→ MATERIAL PROVIDED
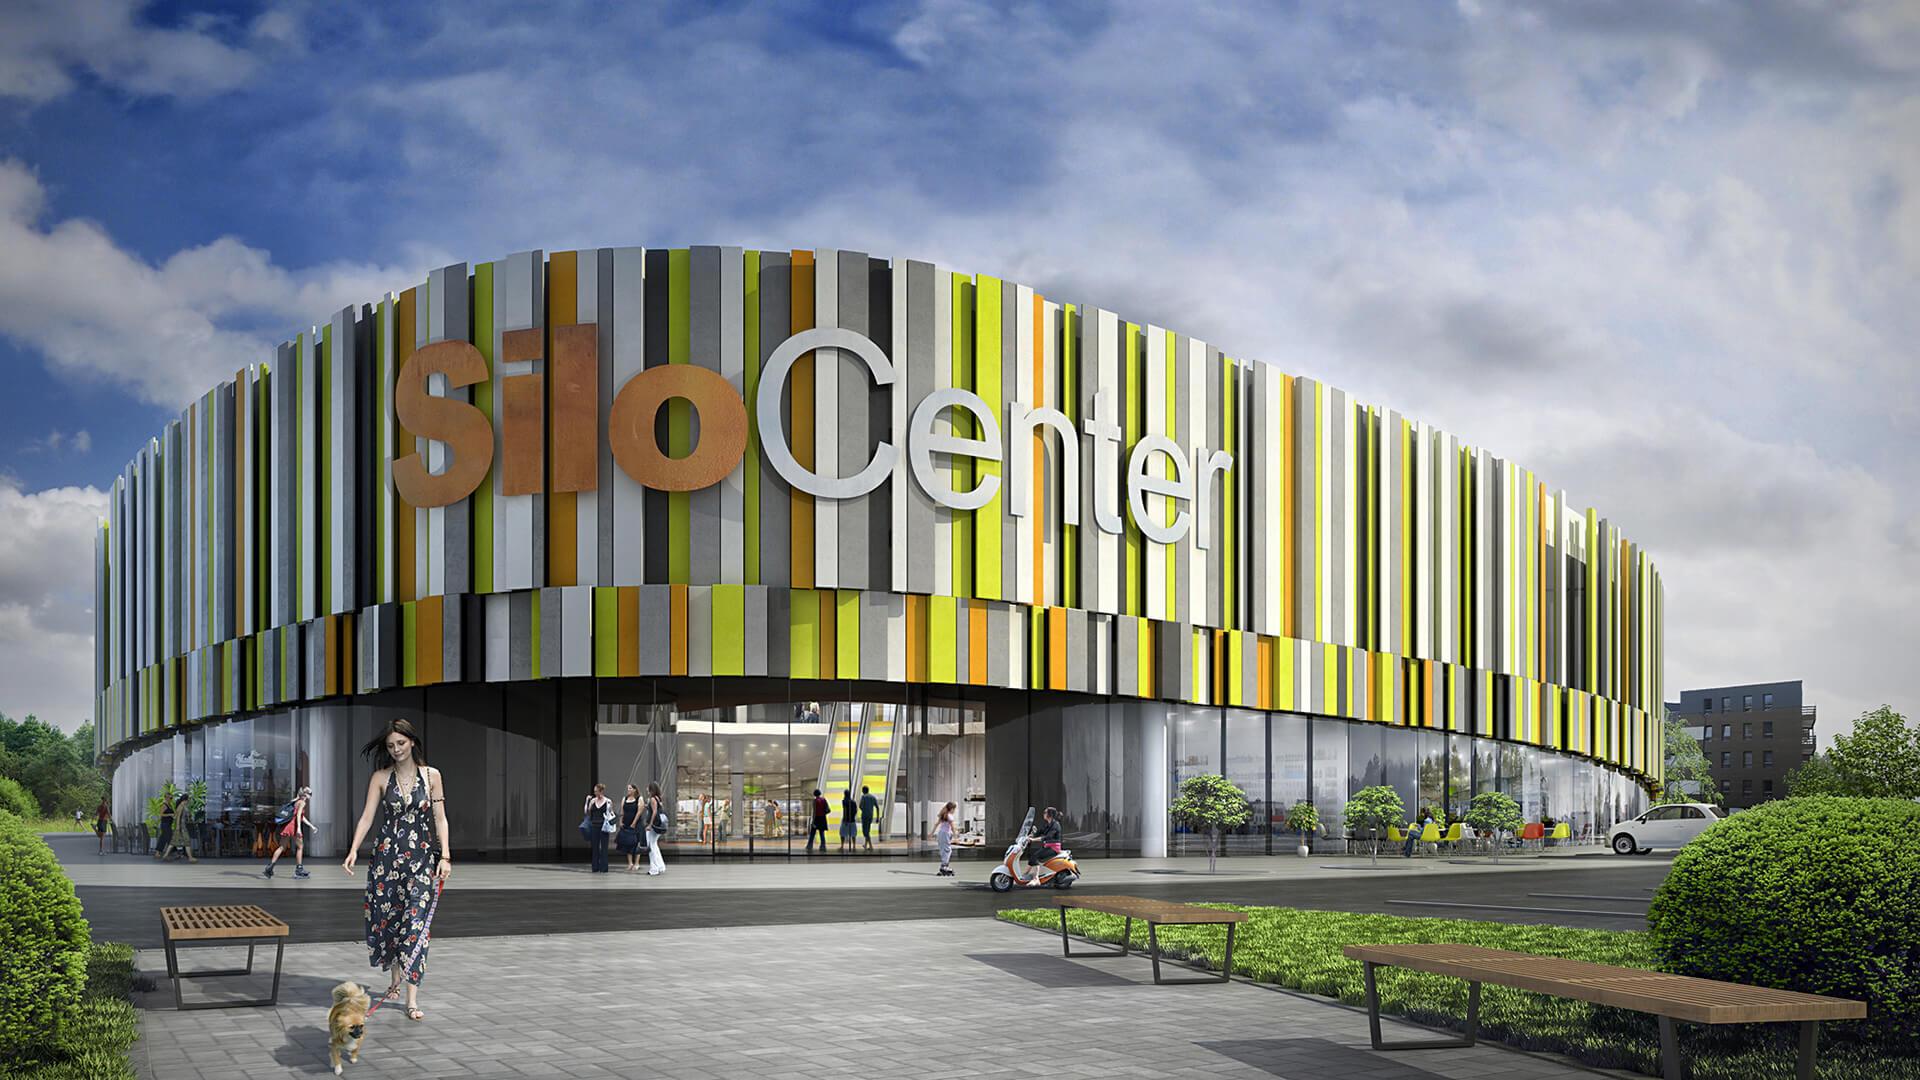 SiloCenter Centrum Sportowo - Rekreacyjne - Projekt Neostudio Architekci
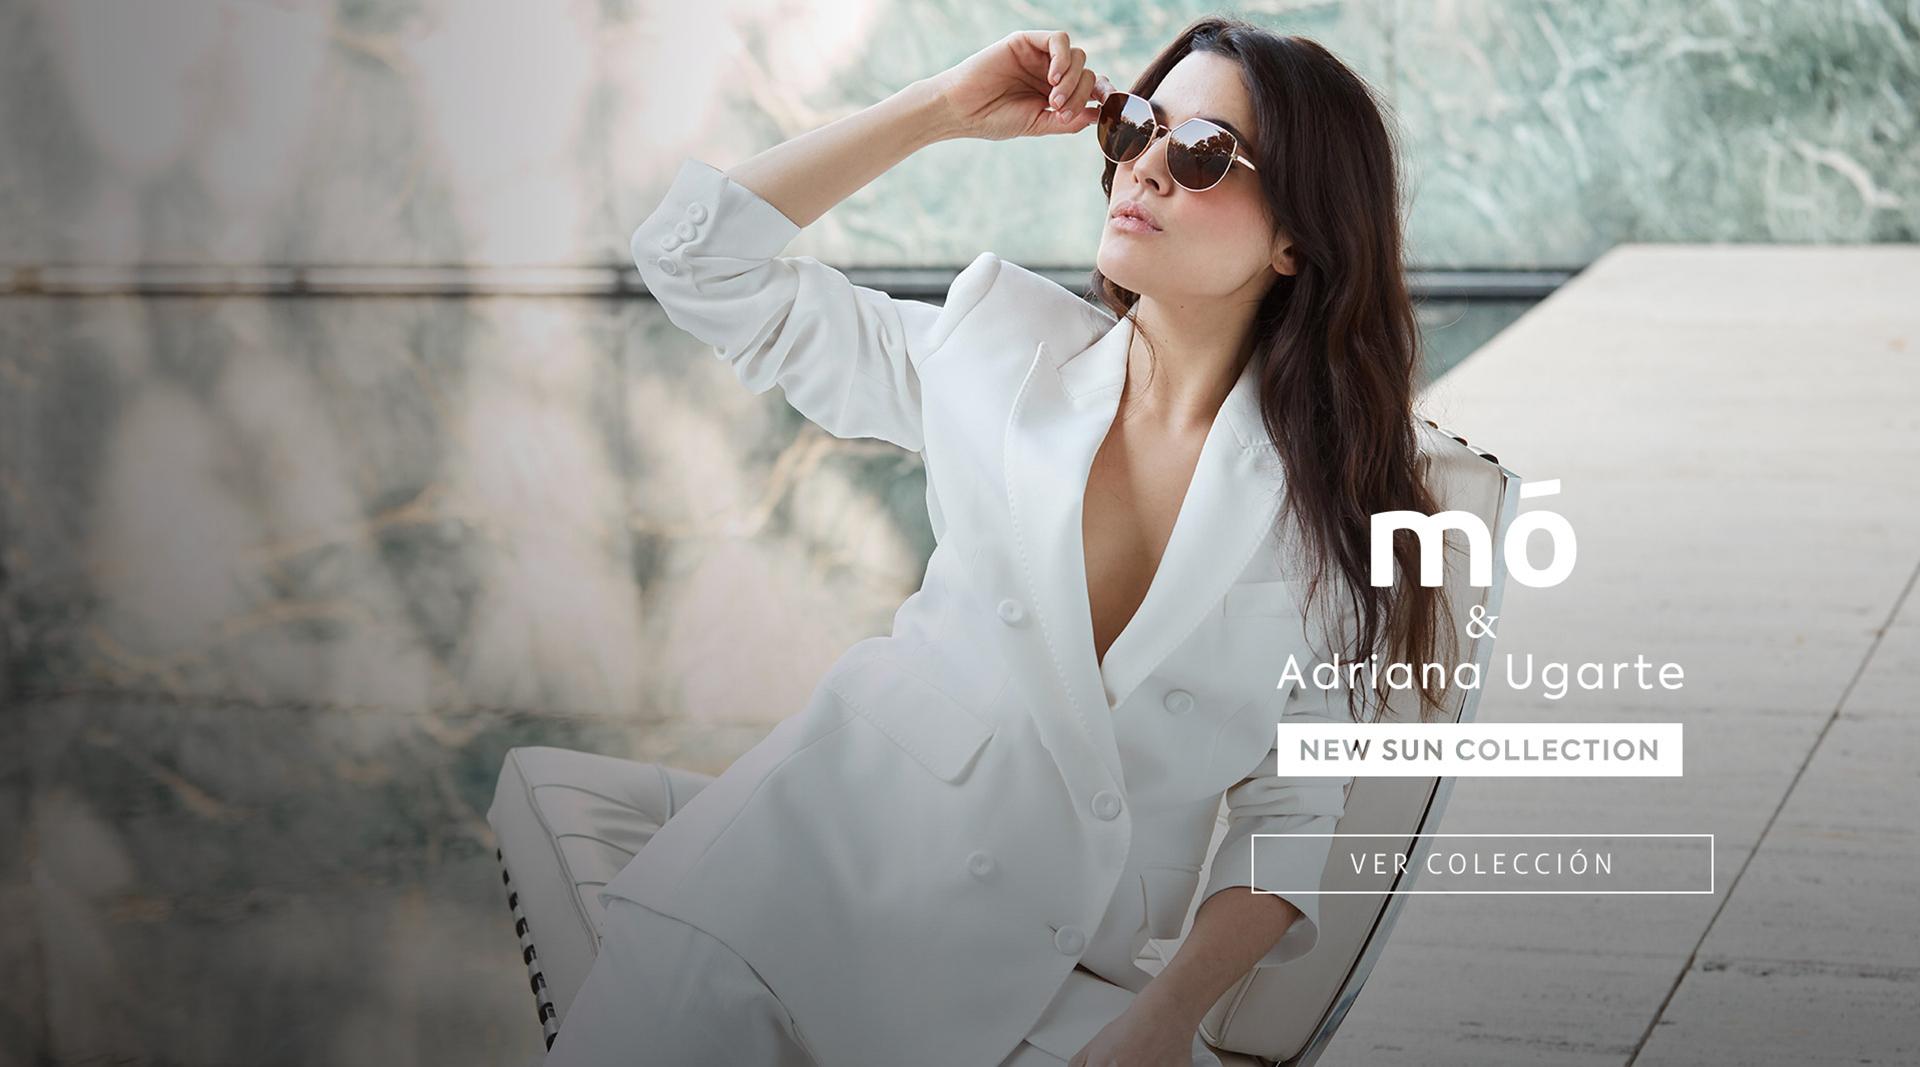 Gafas de Sol Adriana Ugarte
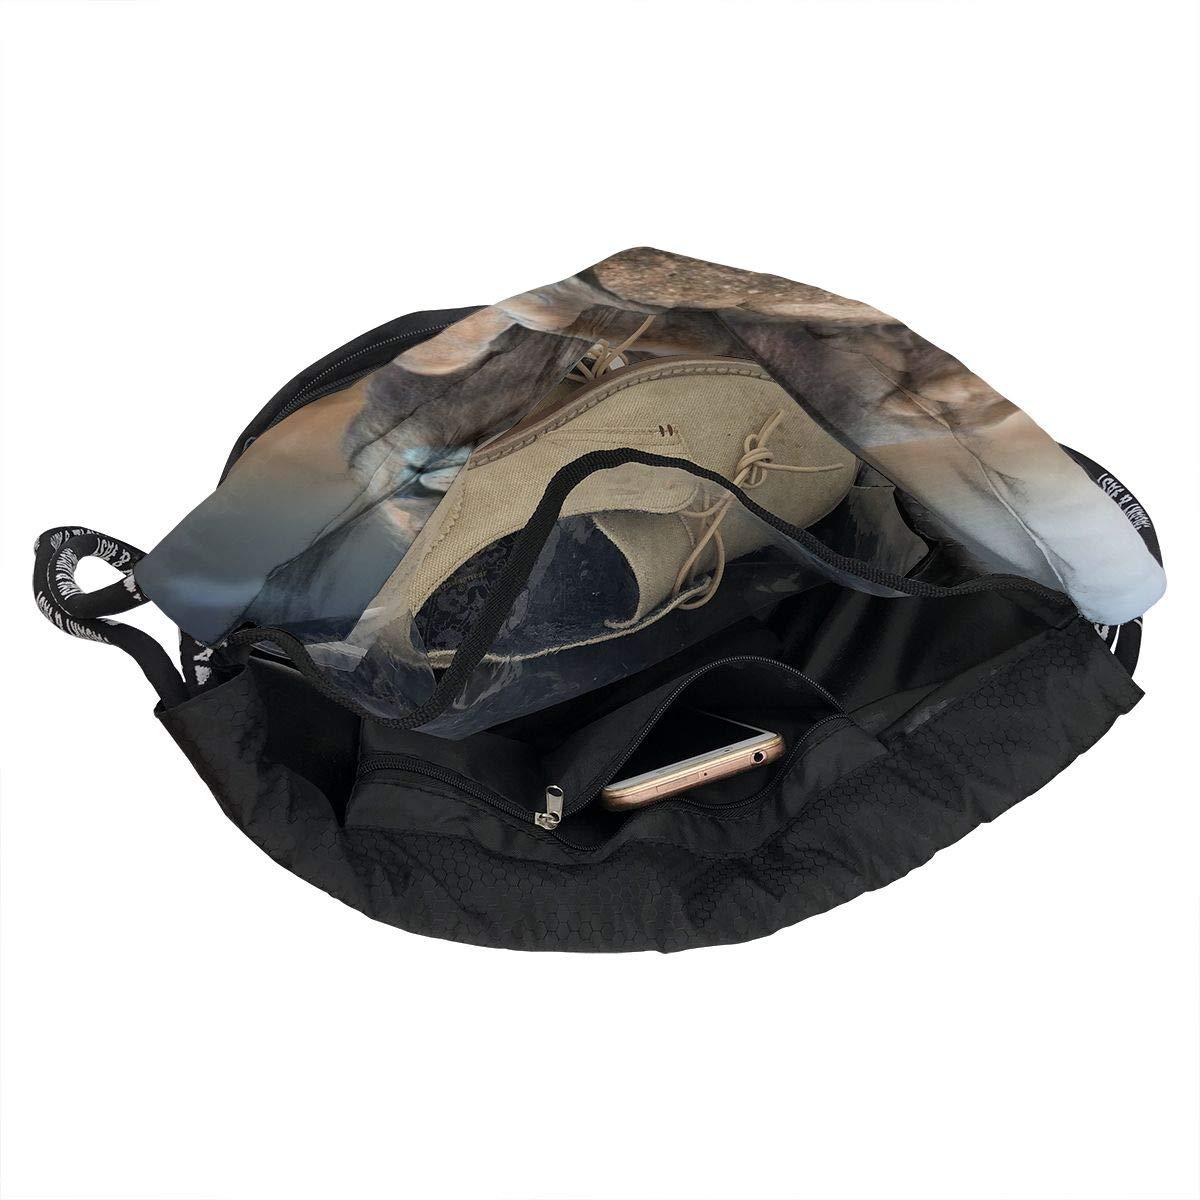 Portable Bundle Backpack Beautiful White Tigers Illustration Drawstring Bag For Girls /& Boys Gym Yoga Runner Sports Daypack

→ ACTIVITY
Give the listing above again word for word, without its pictures.

→ SOLUTION
 SiloCenter Centrum Sportowo - Rekreacyjne - Projekt Neostudio Architekci
 Gafas de Sol Adriana Ugarte
 Portable Bundle Backpack Beautiful White Tigers Illustration Drawstring Bag For Girls /& Boys Gym Yoga Runner Sports Daypack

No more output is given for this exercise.